TASK BRIEF
Leave every image behind and restate the data word for word.

DATA

================

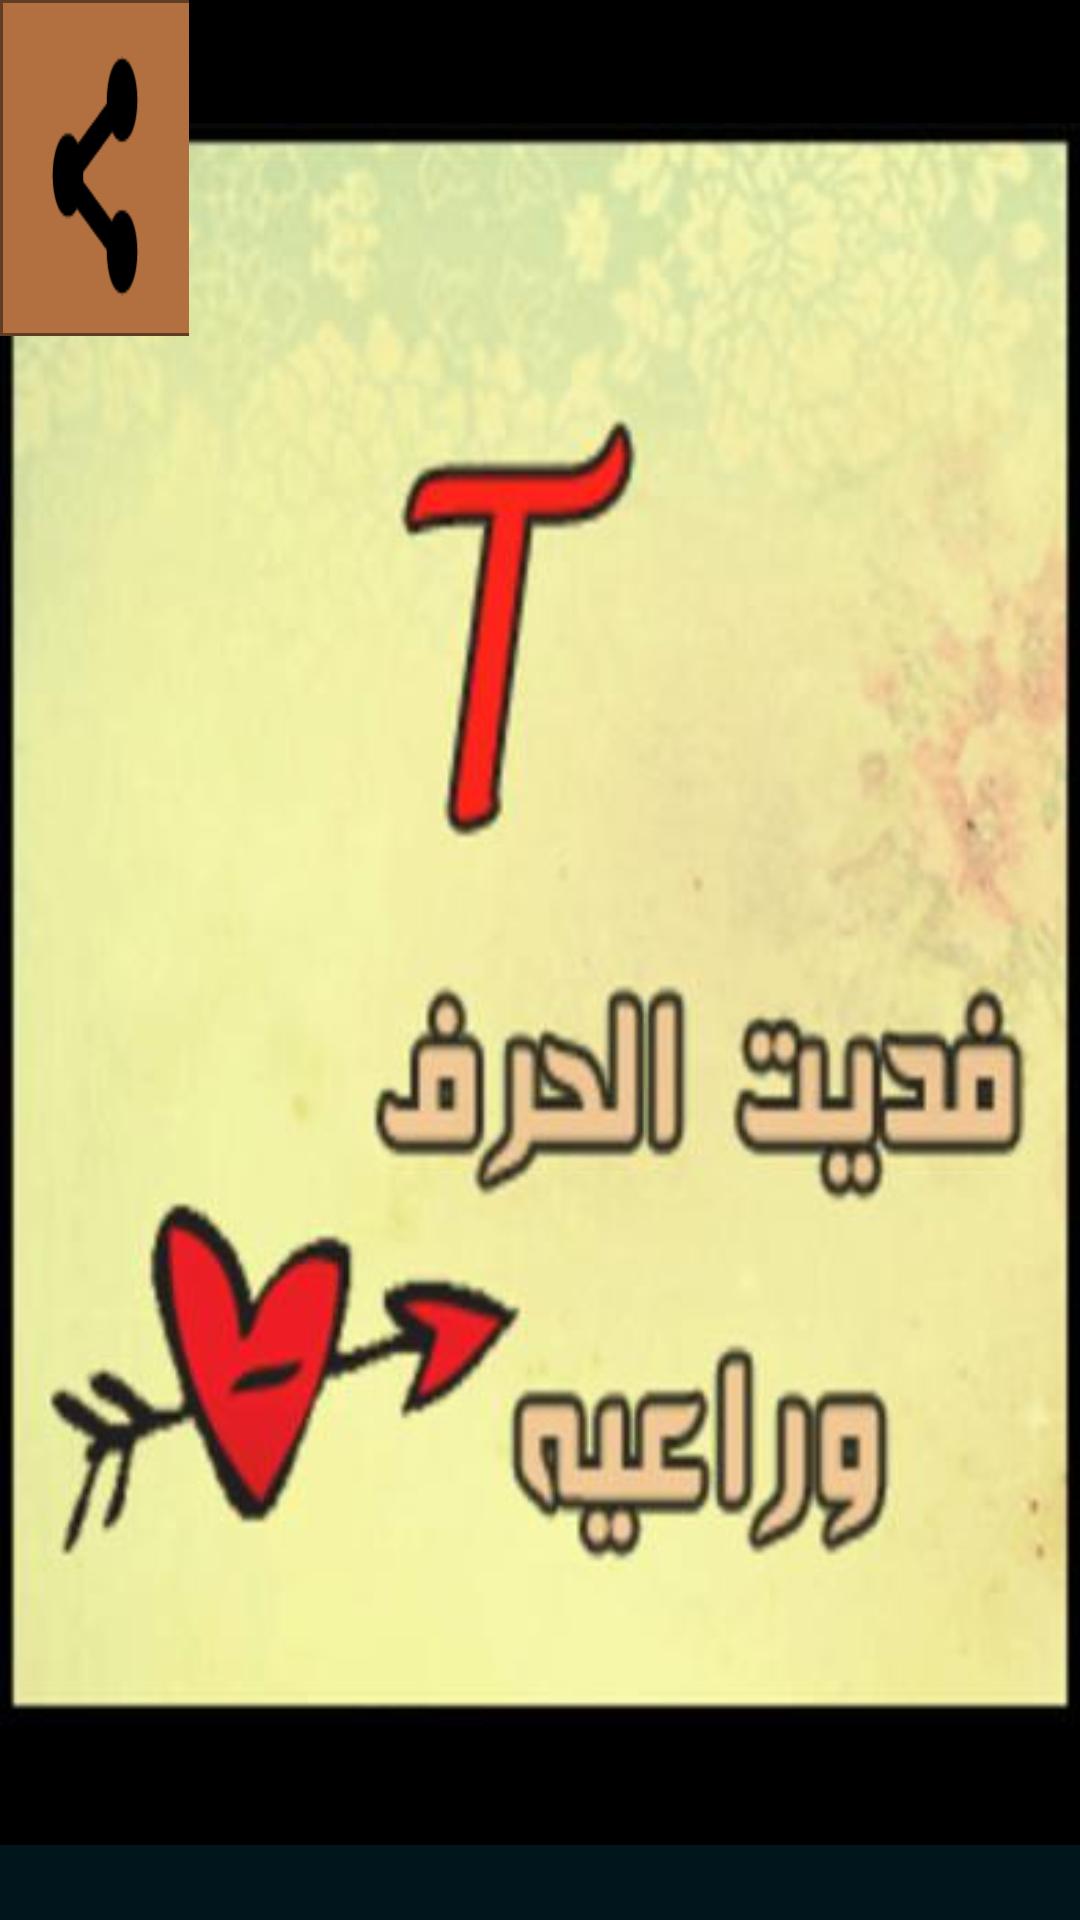 2481 صور حرف T - رمزيات مكتوب عليها K فهد ساكت
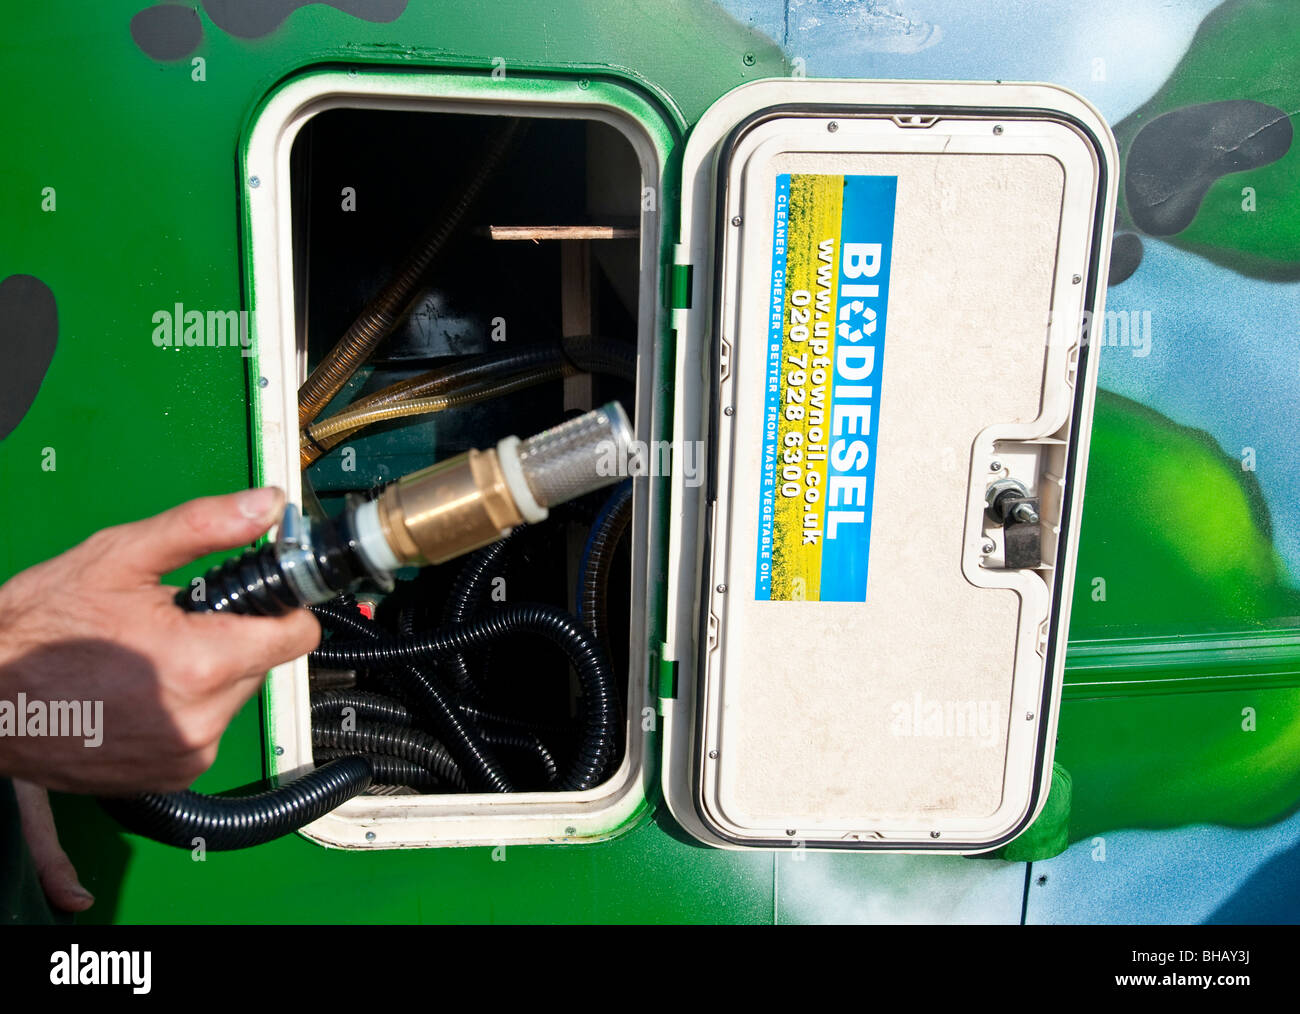 Biodiesel-van Stockfoto
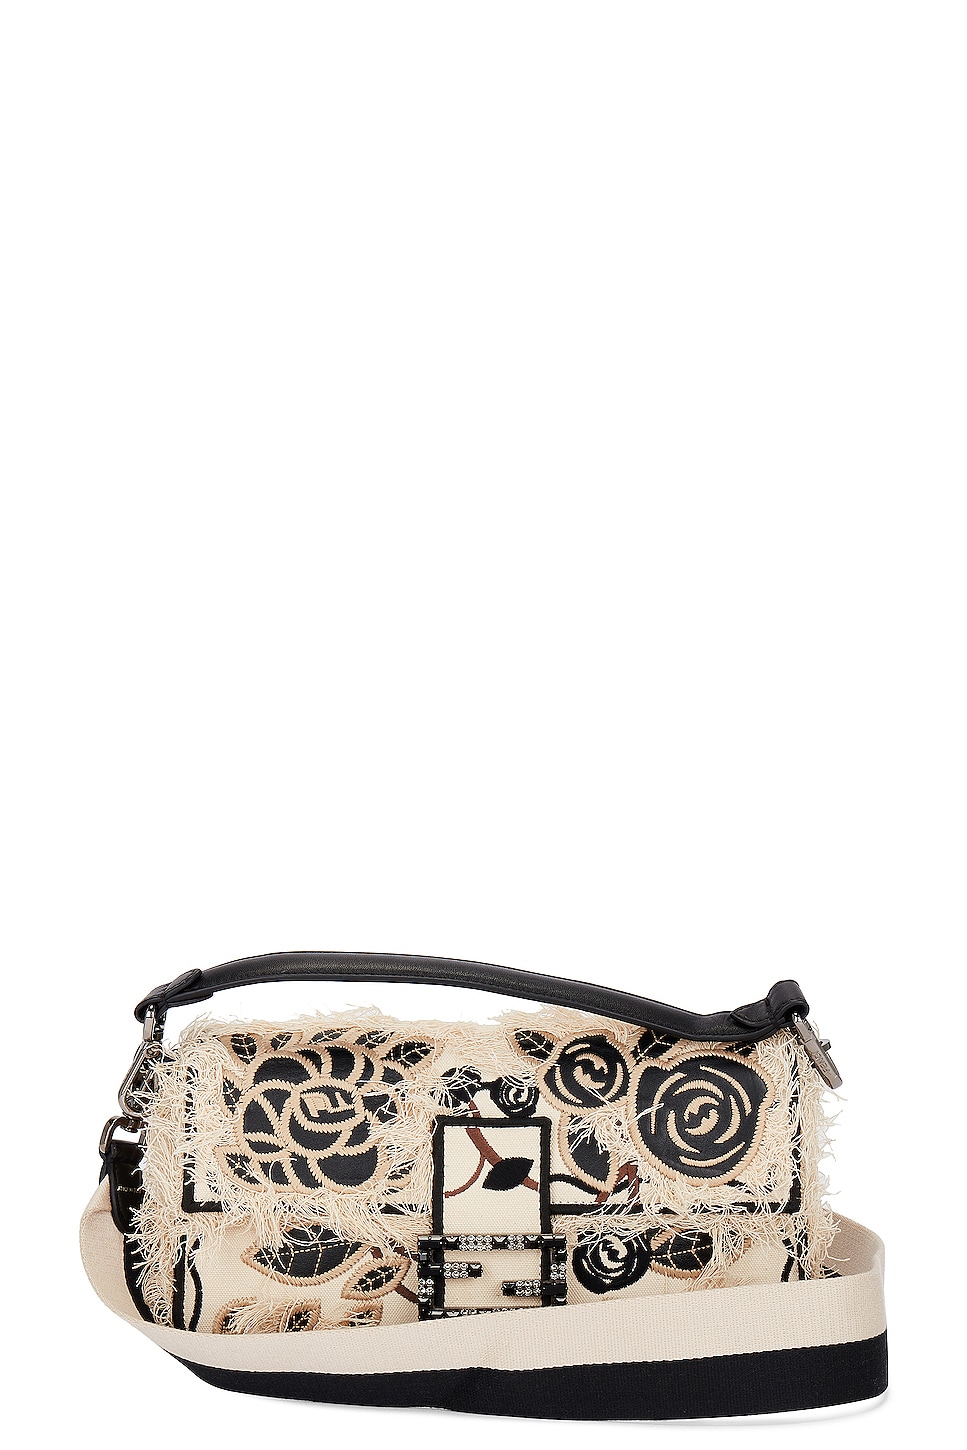 Fendi Floral Embroidered Baguette Bag in Ivory
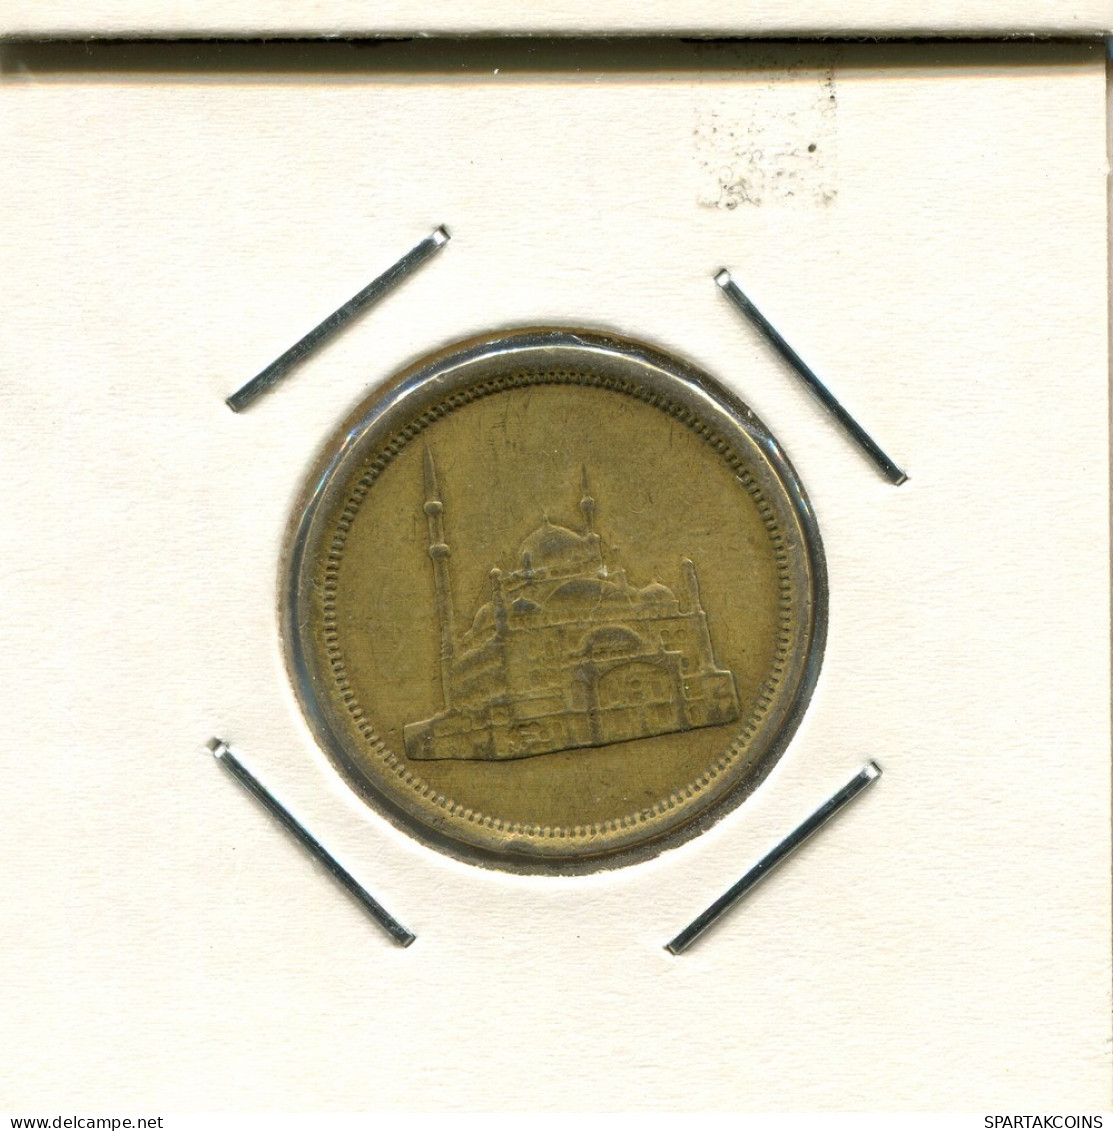 10 QIRSH 1992 ÄGYPTEN EGYPT Islamisch Münze #AS161.D.A - Aegypten

================

THE ANSWER
 2481 صور حرف T - رمزيات مكتوب عليها K فهد ساكت
 Biodiesel-van Stockfoto
 Fendi Floral Embroidered Baguette Bag in Ivory
 10 QIRSH 1992 ÄGYPTEN EGYPT Islamisch Münze #AS161.D.A - Aegypten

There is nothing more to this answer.